### What this task involves
Reproduce all the data exactly, without pictures.

### Source data
======

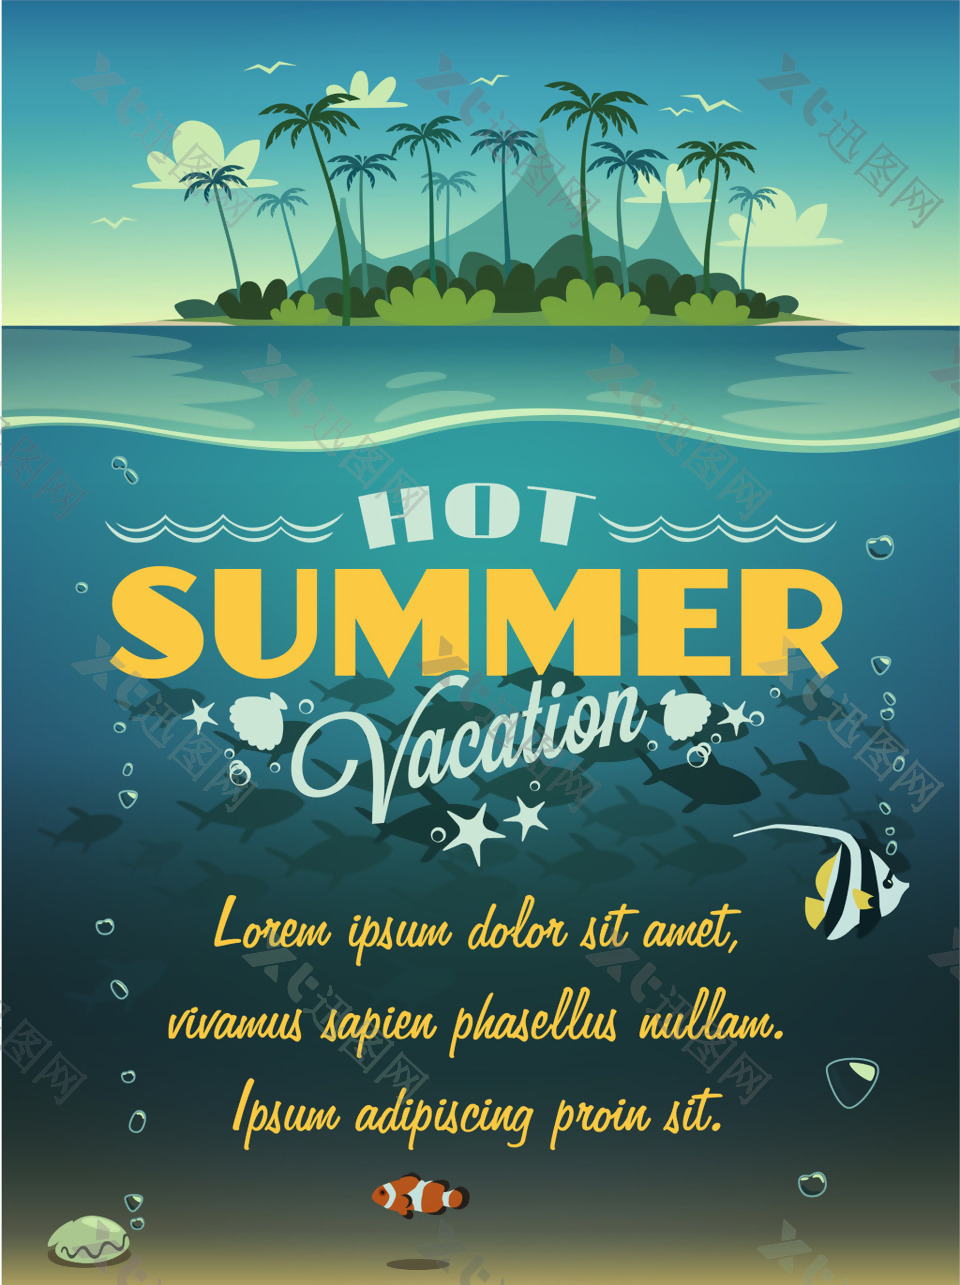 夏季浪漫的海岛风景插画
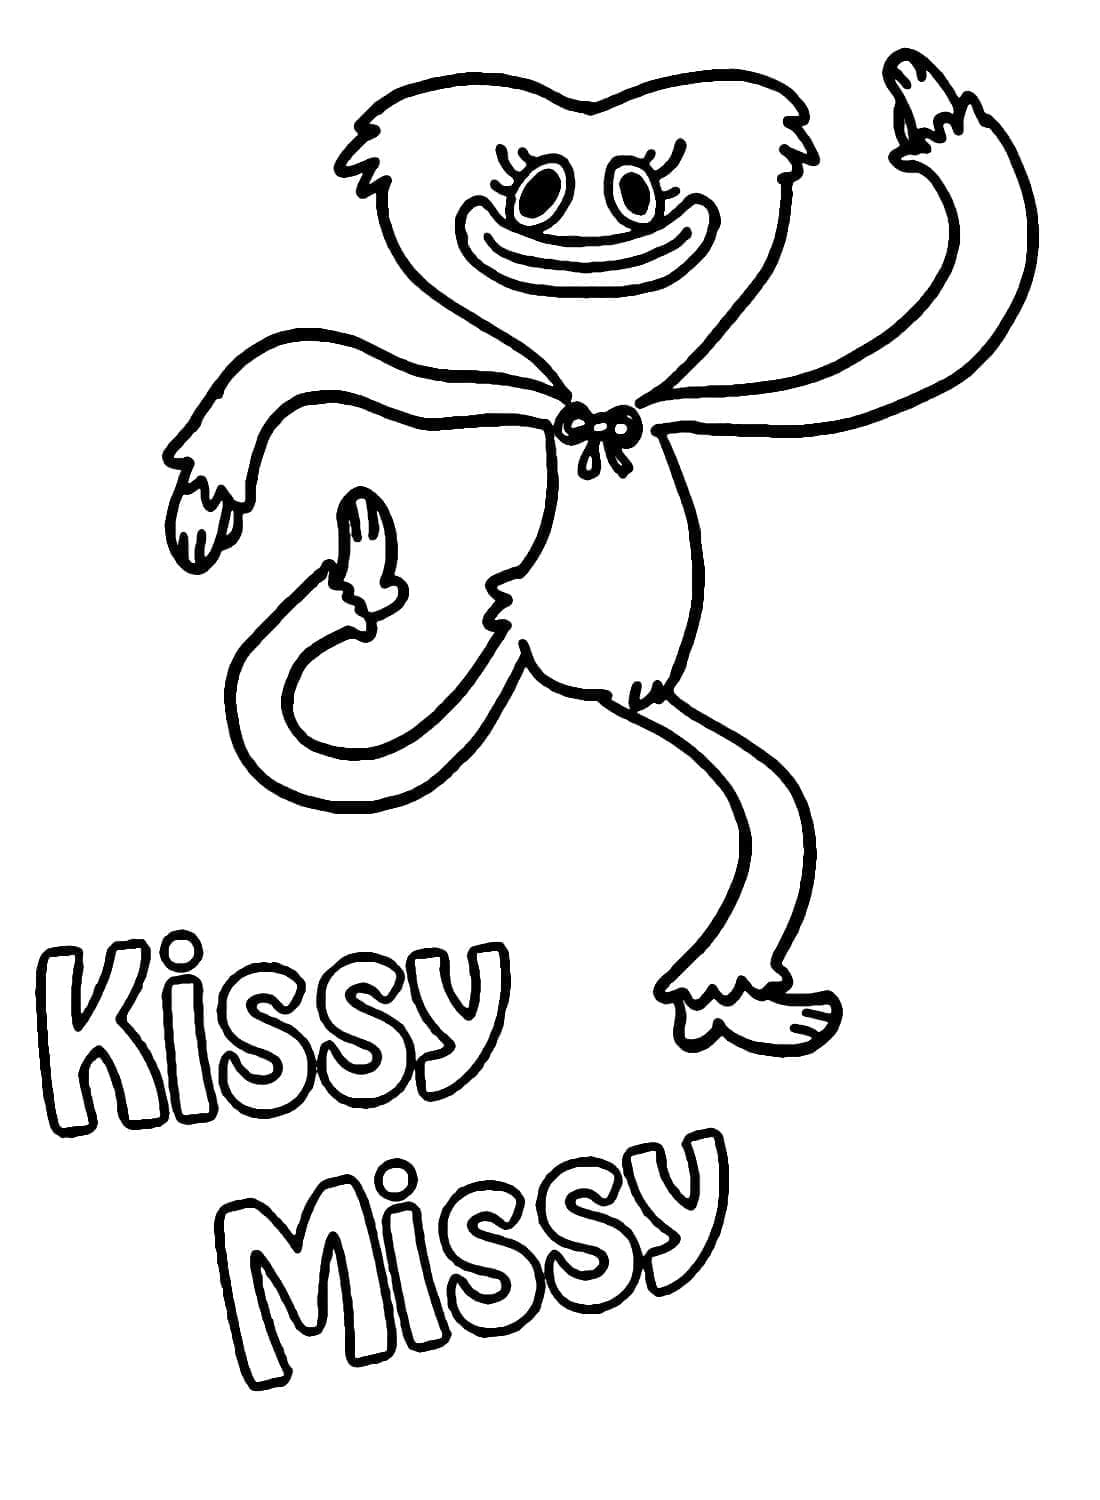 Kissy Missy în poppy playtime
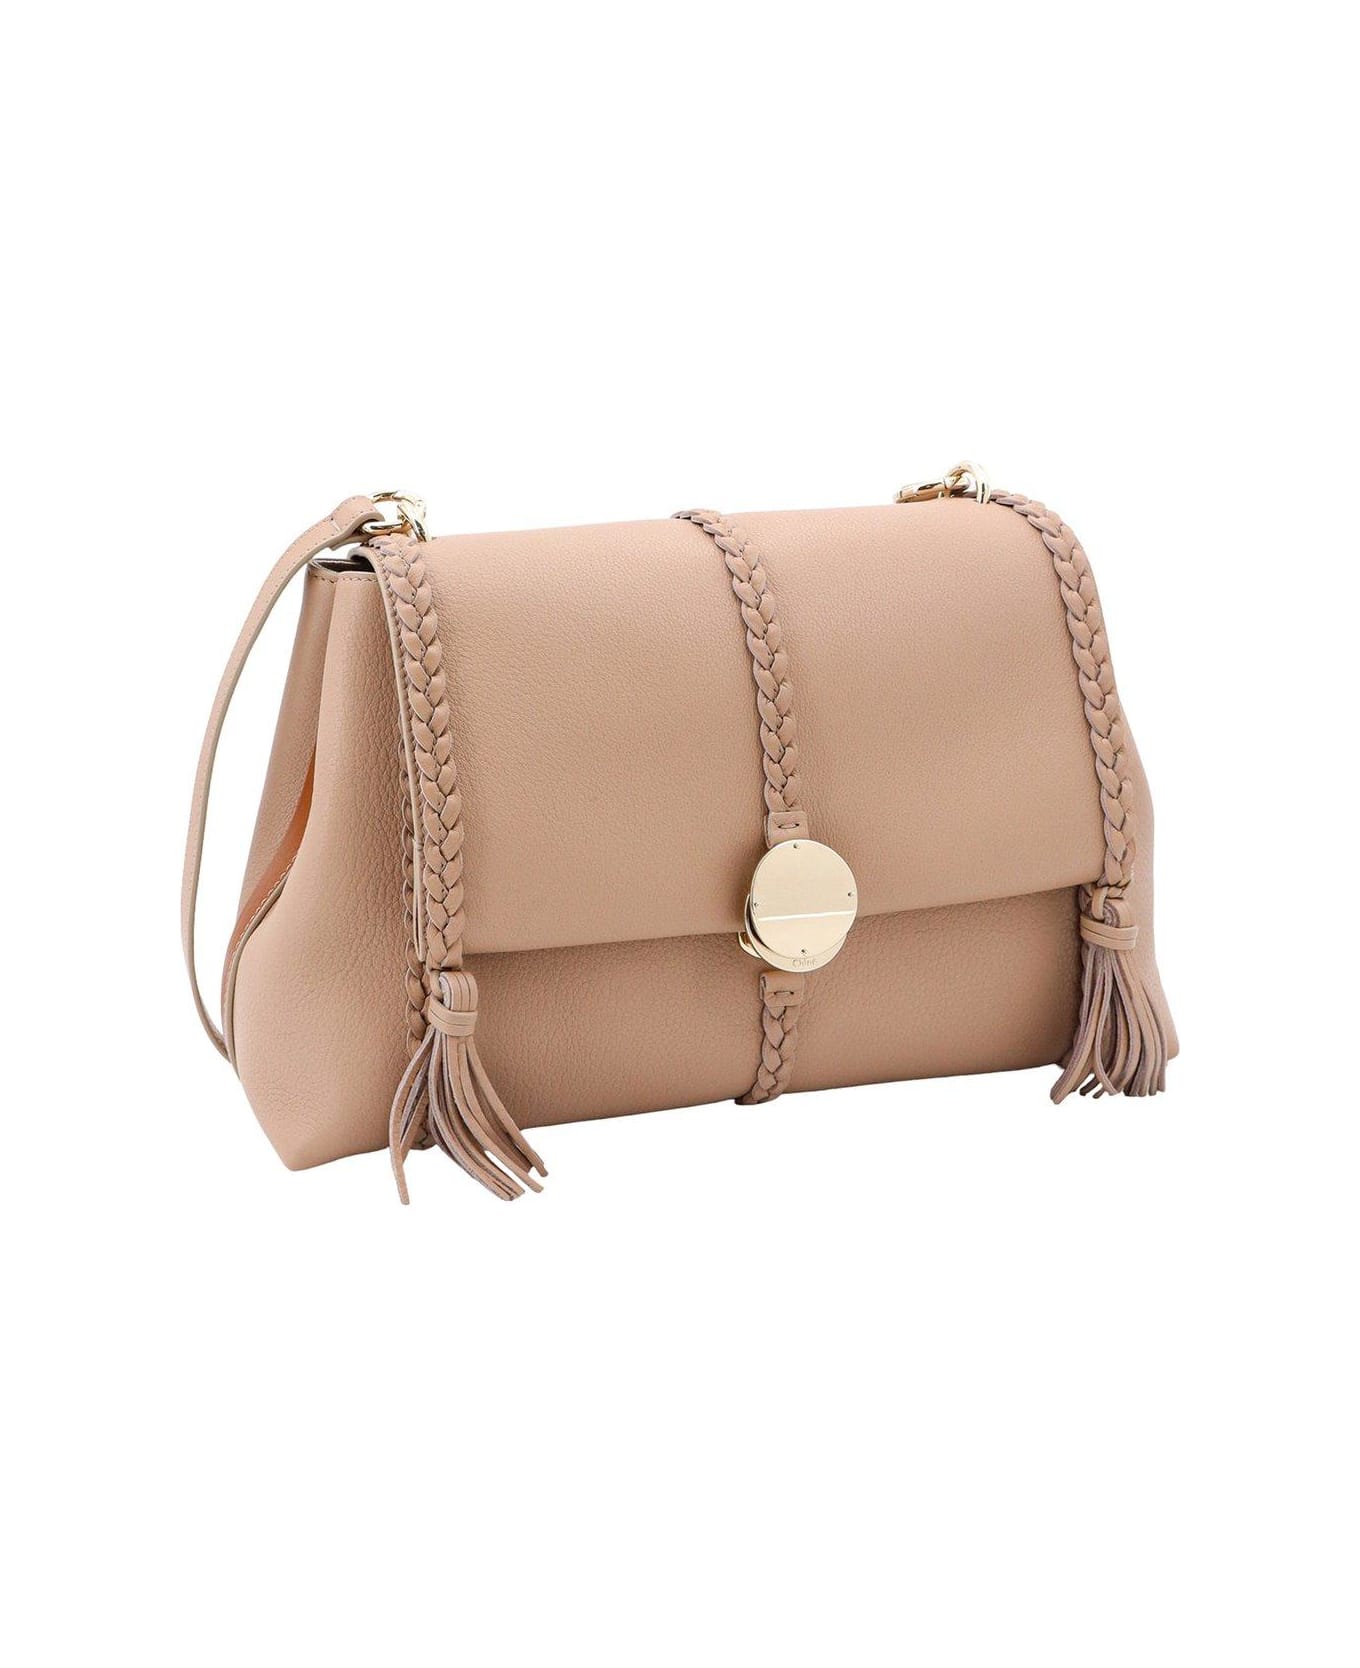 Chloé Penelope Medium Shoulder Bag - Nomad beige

======

### Written response
 夏季浪漫的海岛风景插画
 Kissy Missy în poppy playtime
 Chloé Penelope Medium Shoulder Bag - Nomad beige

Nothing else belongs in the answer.